**Available data:**
========

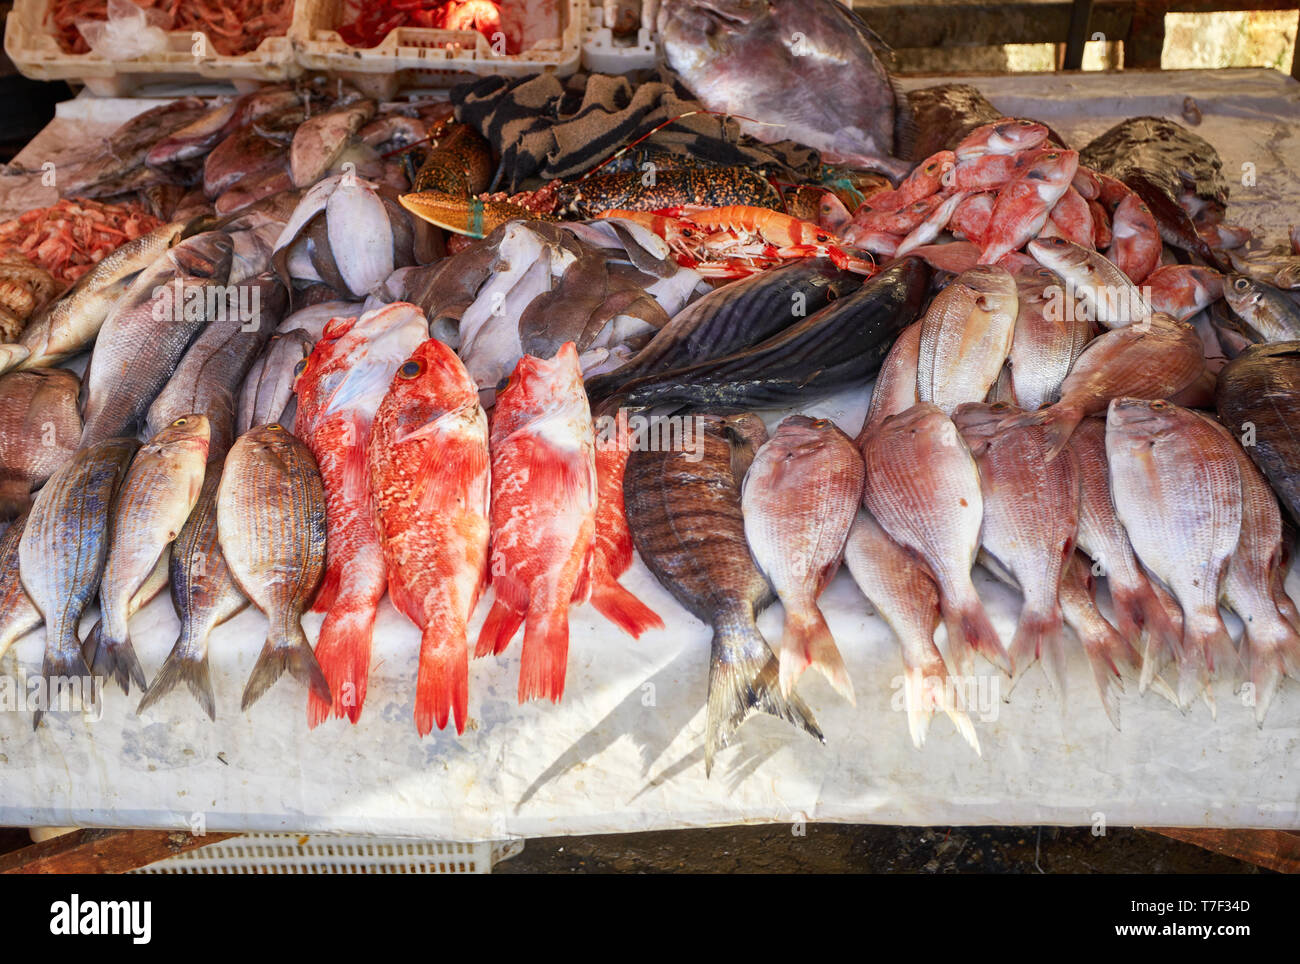 Real fish market and fresh fish, seafood from Atlantic ocean in
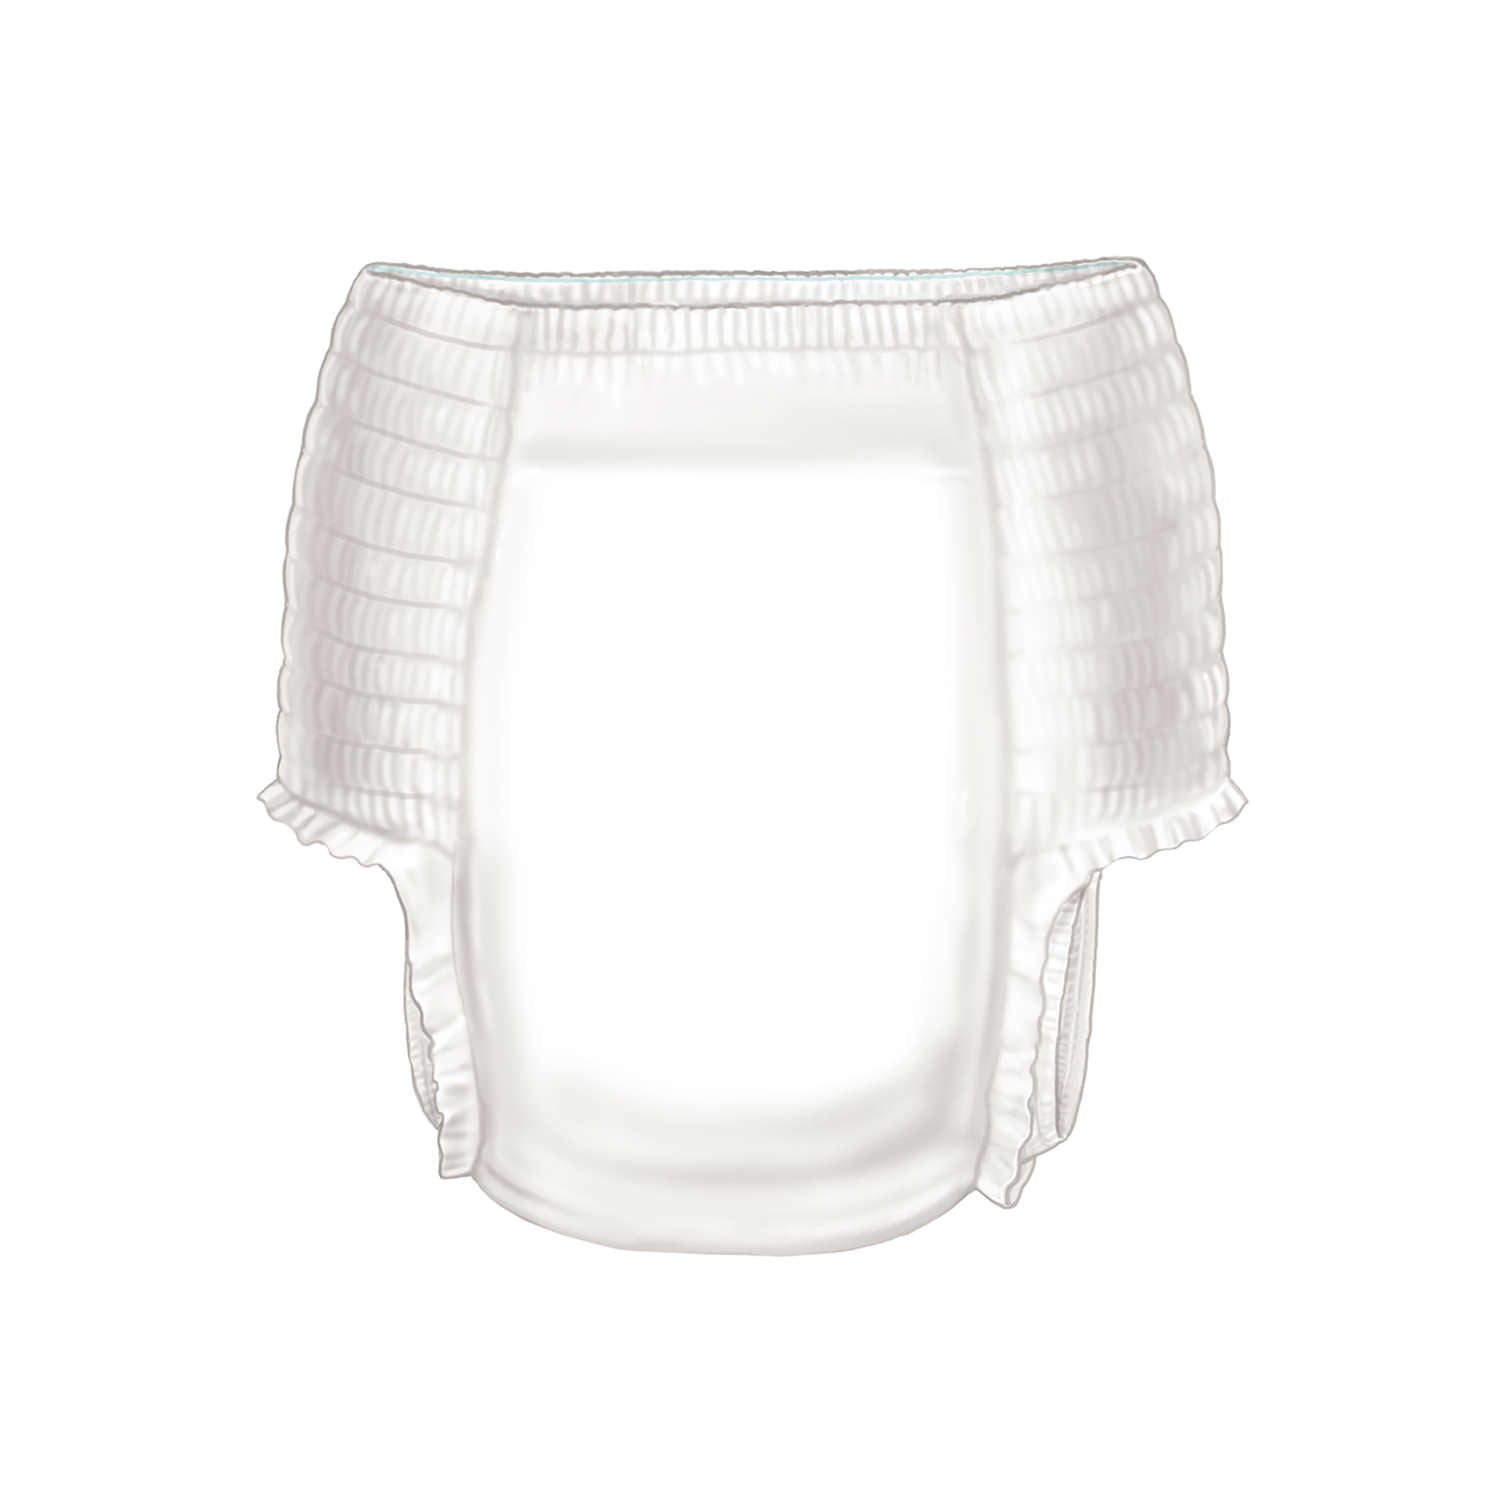 Older Kids, Youth protective disposable underwear - incontinence protection
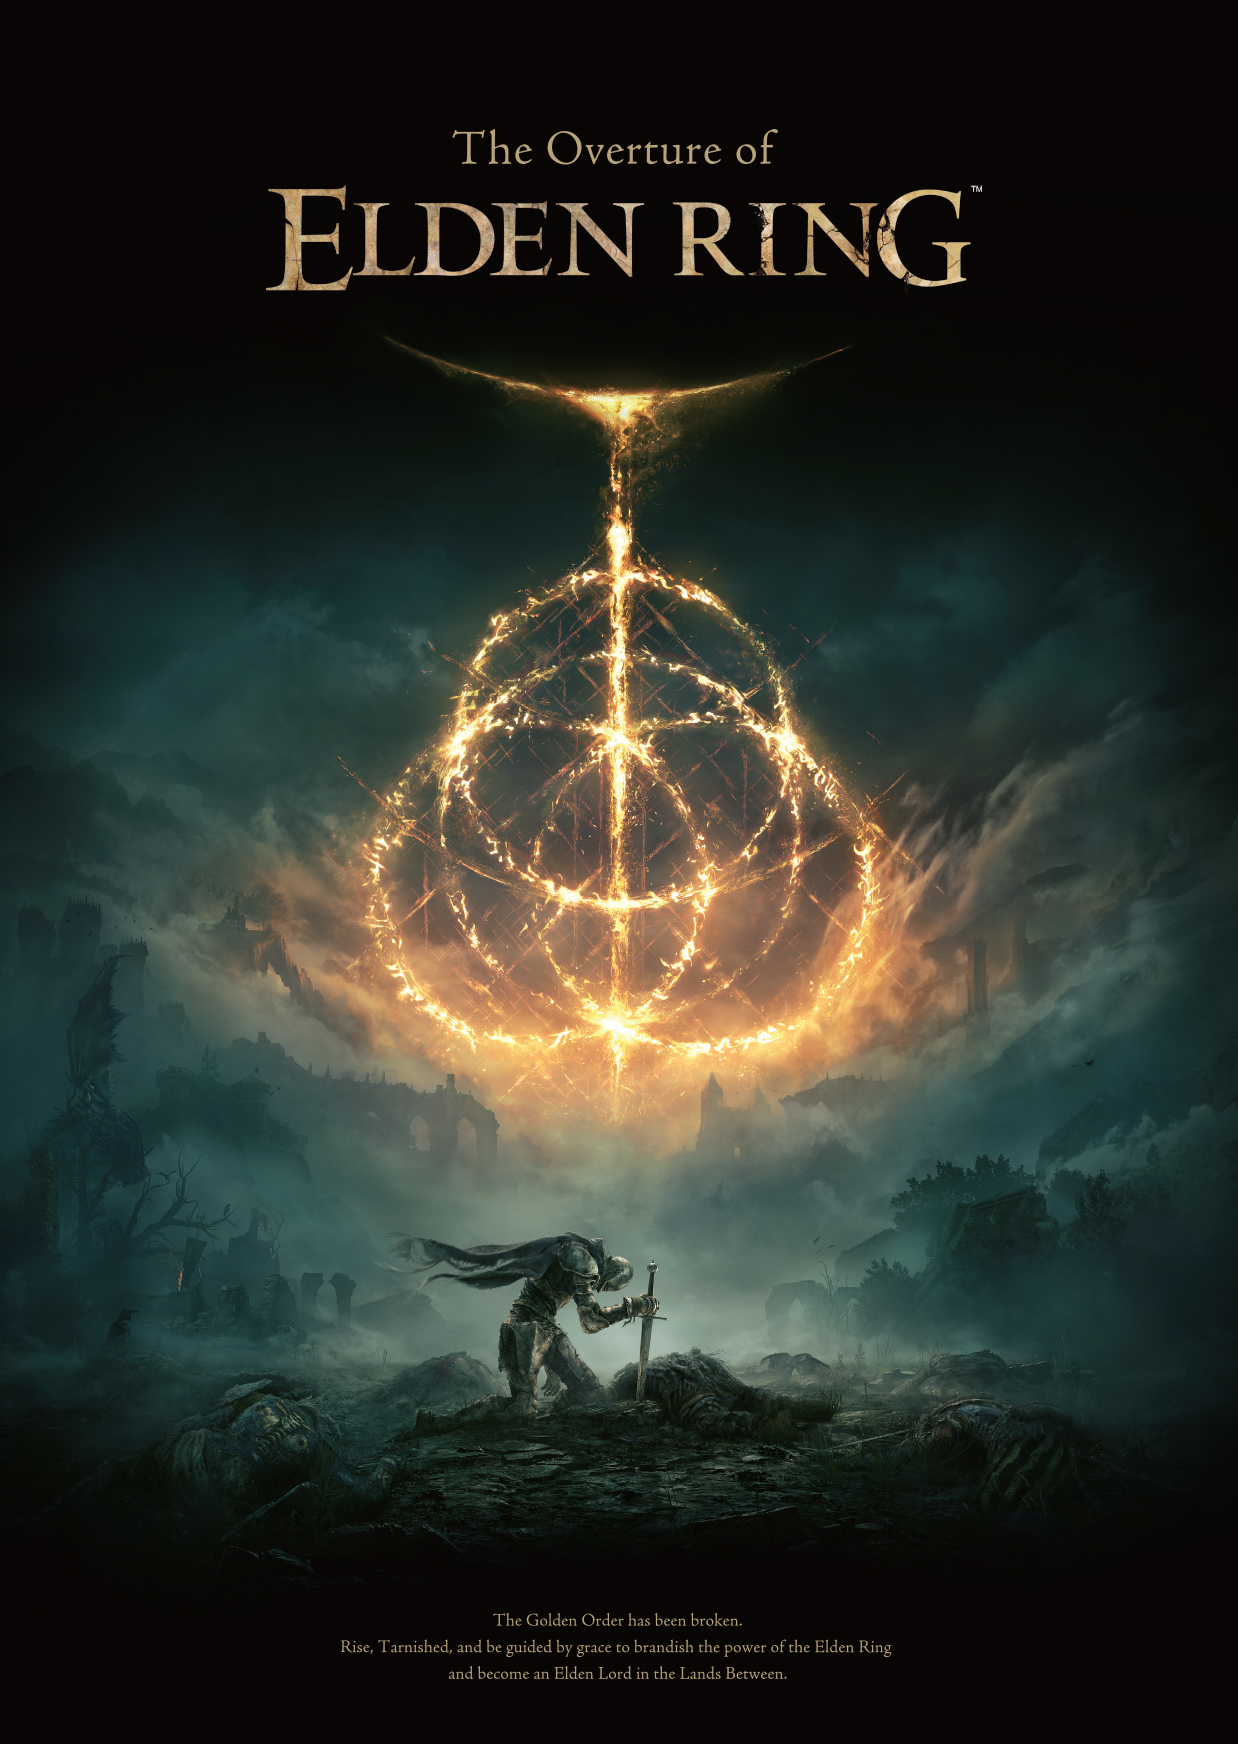 The Overture of ELDEN RING Book Will Debut in February

========

**Your assignment:**
With the pictures excluded, restate word for word each line from the one that contains "Older Kids, Youth" through the last line of the listing above.

**Solved problem:**
 Older Kids, Youth protective disposable underwear - incontinence protection
 The Overture of ELDEN RING Book Will Debut in February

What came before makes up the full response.